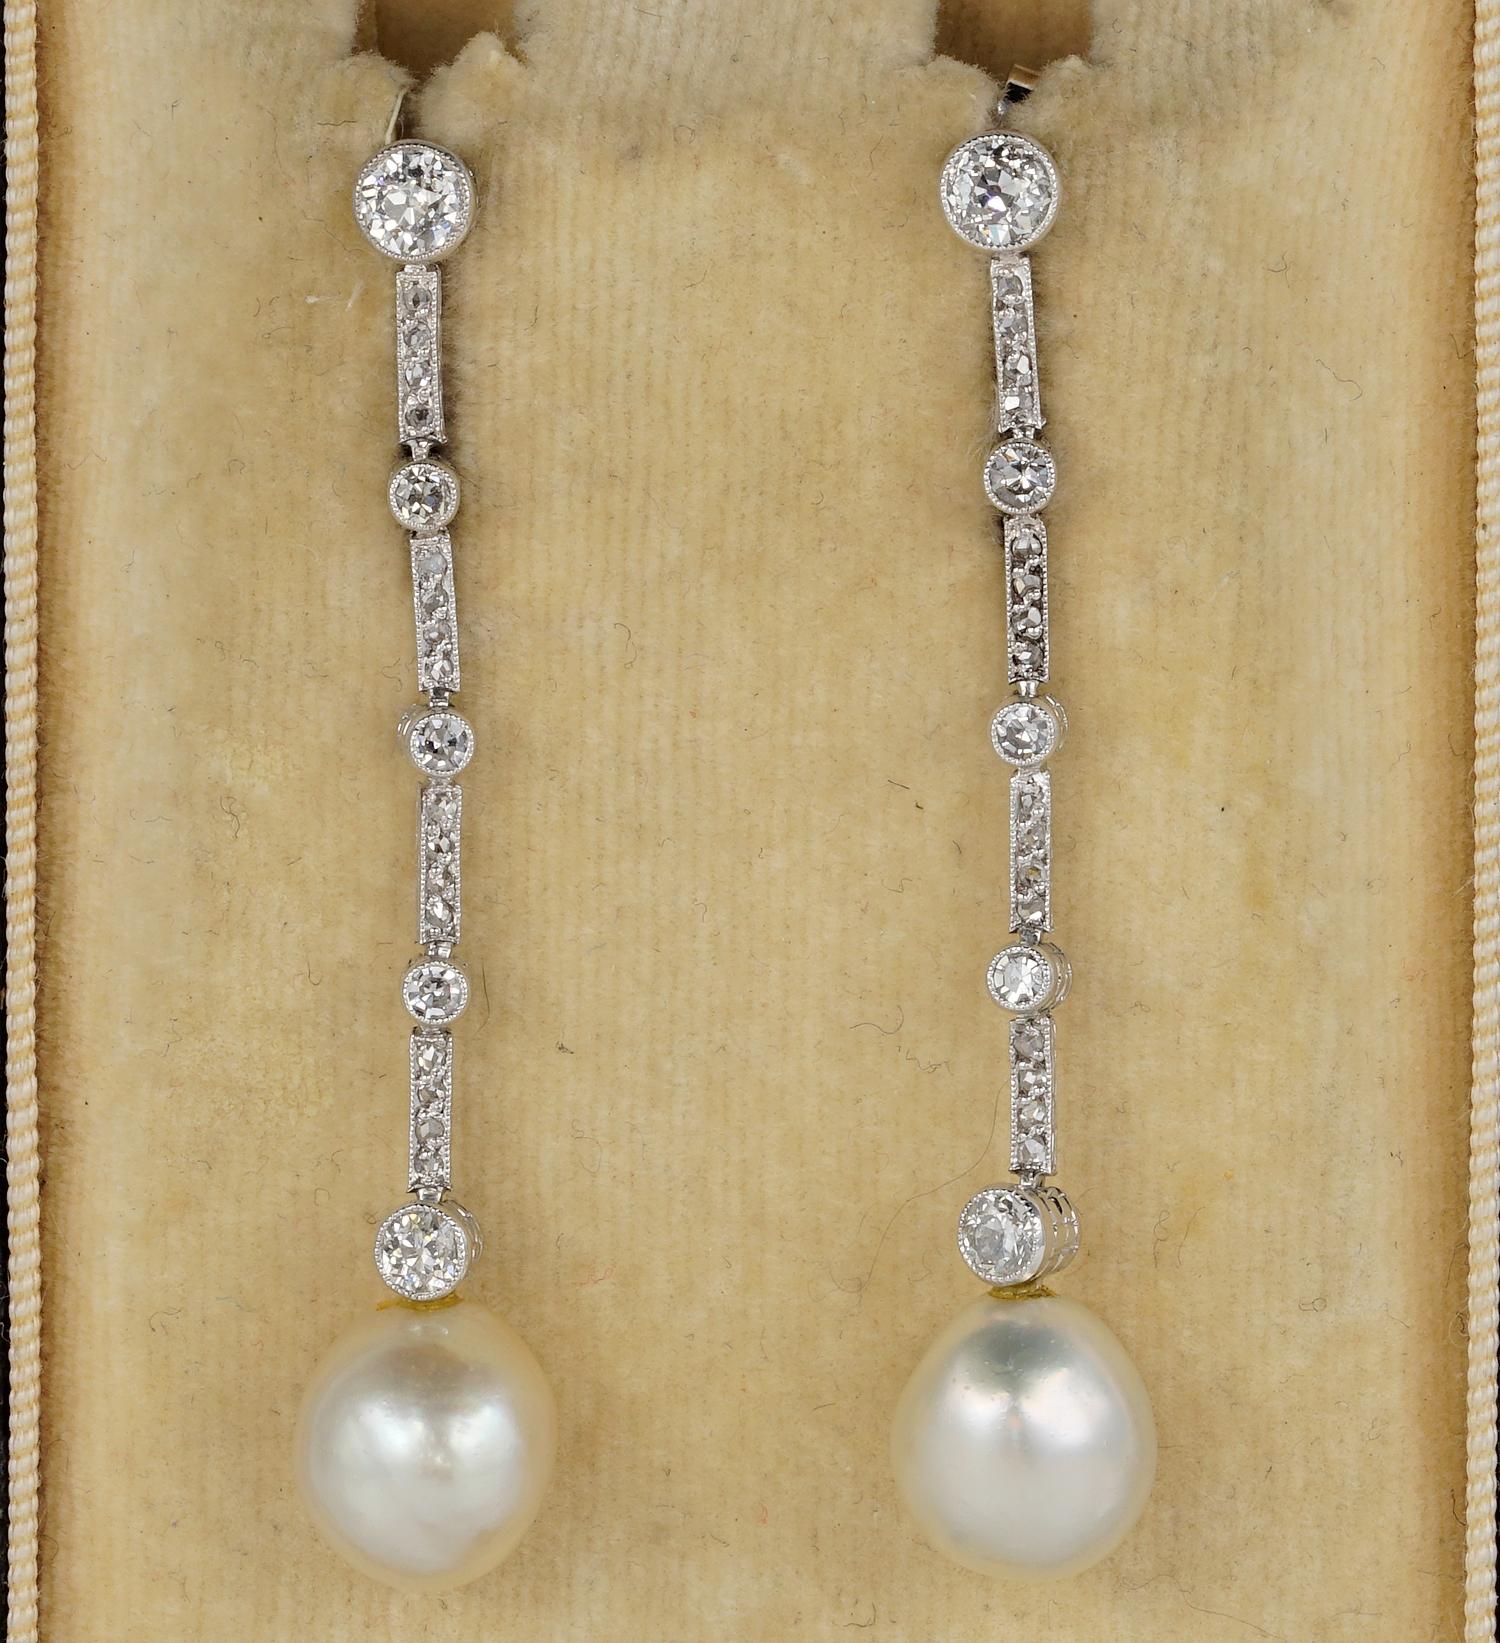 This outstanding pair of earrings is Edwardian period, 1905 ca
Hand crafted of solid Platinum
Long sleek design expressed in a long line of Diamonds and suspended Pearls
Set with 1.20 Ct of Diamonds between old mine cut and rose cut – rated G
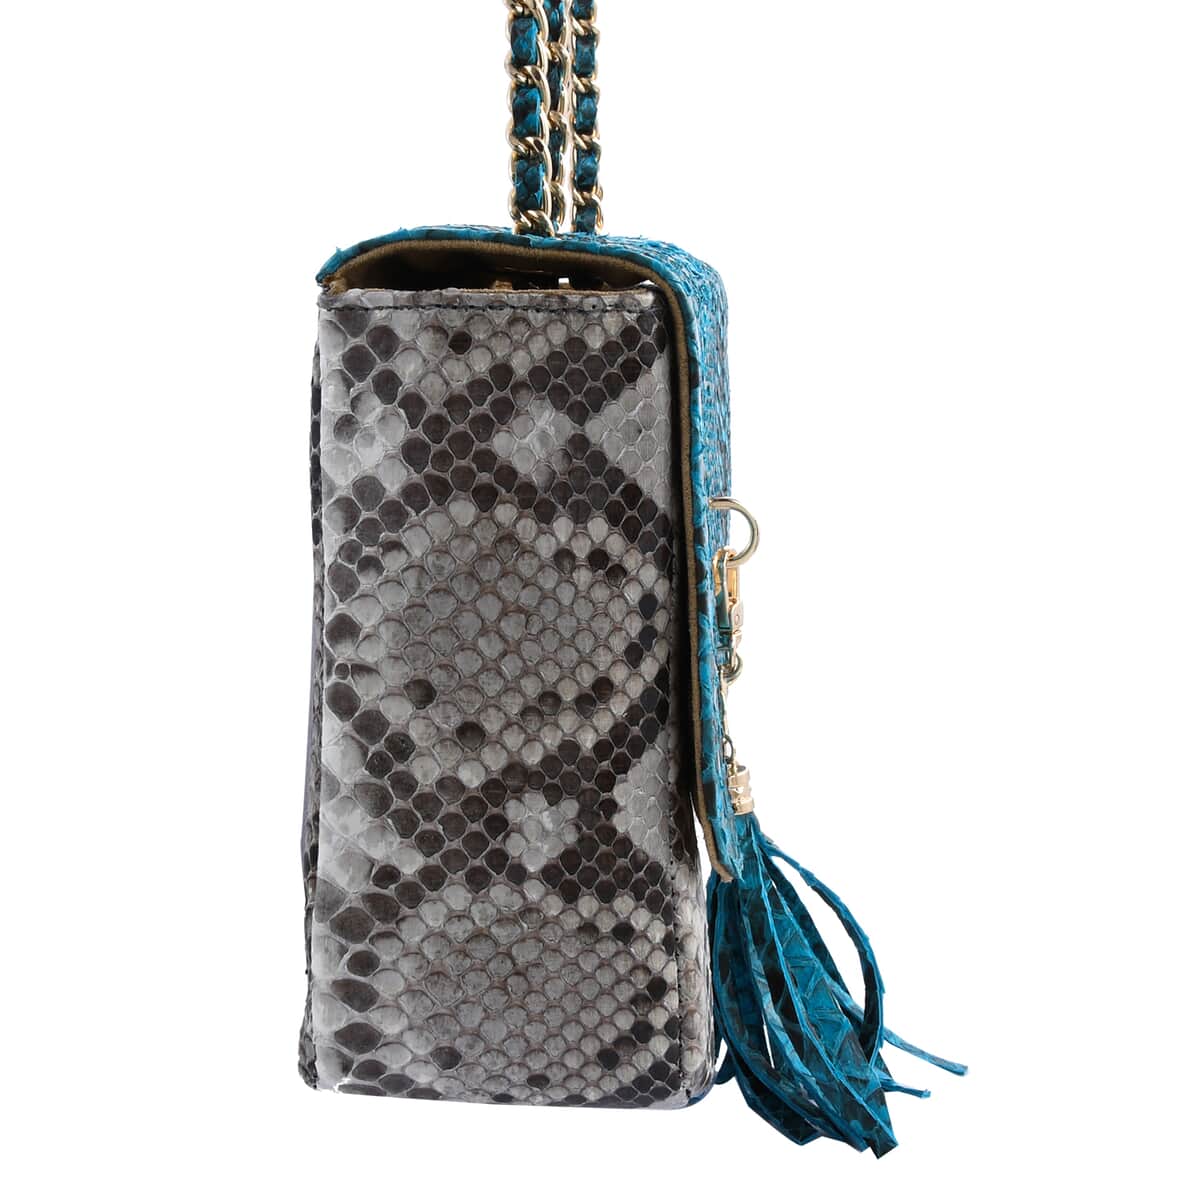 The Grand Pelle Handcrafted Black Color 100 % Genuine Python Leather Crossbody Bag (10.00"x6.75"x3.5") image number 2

...

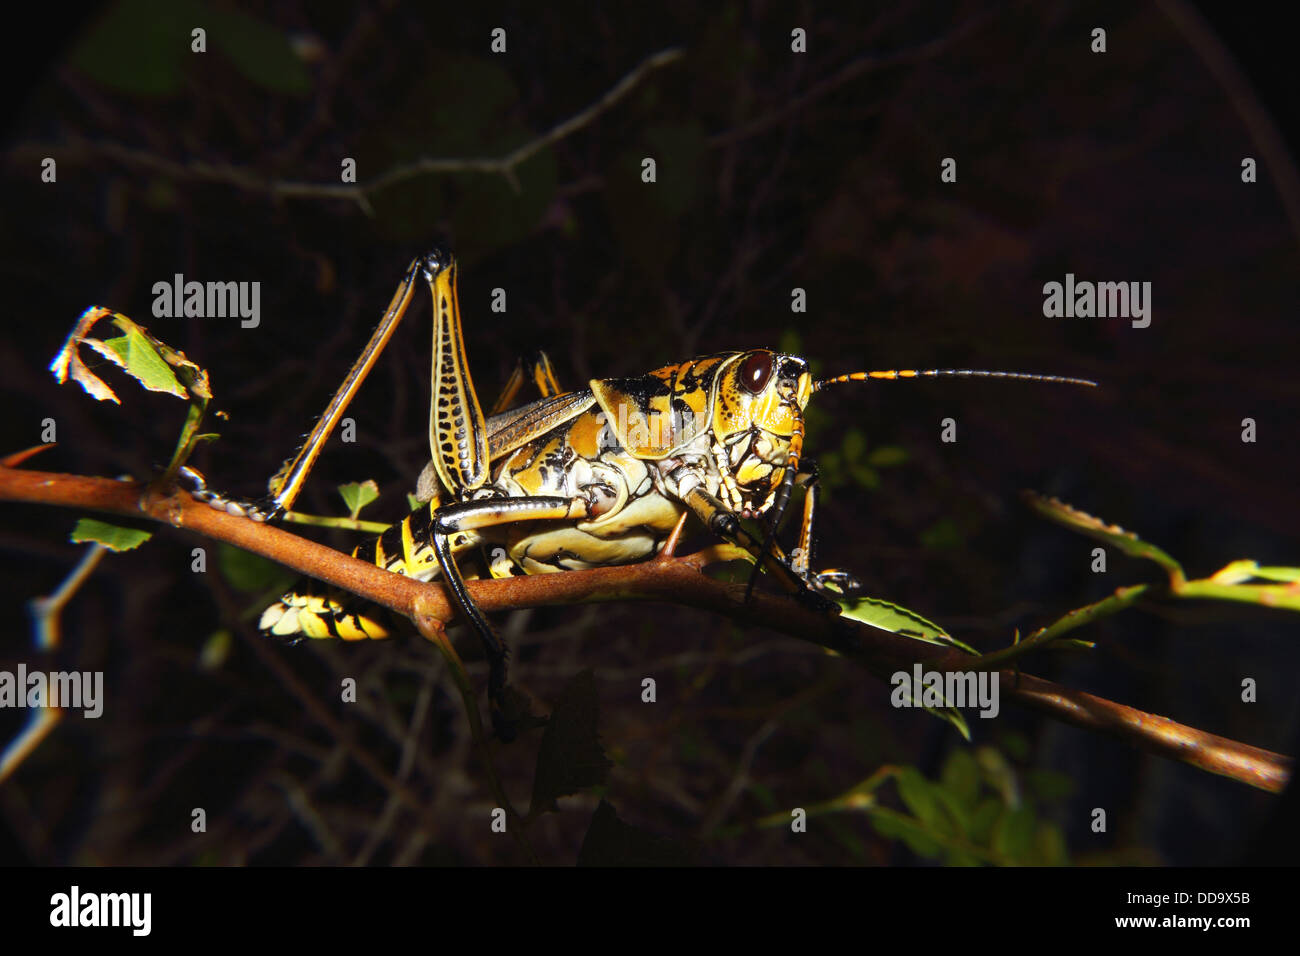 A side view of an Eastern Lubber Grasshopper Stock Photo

--- Task prompt ---
With the pictures removed, print only the lines starting at the line that has "This outstanding pair" and ending at the line that has "The Grand Pelle", both ends included, exactly as they stand above.

--- Answer section ---
 This outstanding pair of earrings is Edwardian period, 1905 ca
Hand crafted of solid Platinum
Long sleek design expressed in a long line of Diamonds and suspended Pearls
Set with 1.20 Ct of Diamonds between old mine cut and rose cut – rated G
 The Grand Pelle Handcrafted Black Color 100 % Genuine Python Leather Crossbody Bag (10.00"x6.75"x3.5") image number 2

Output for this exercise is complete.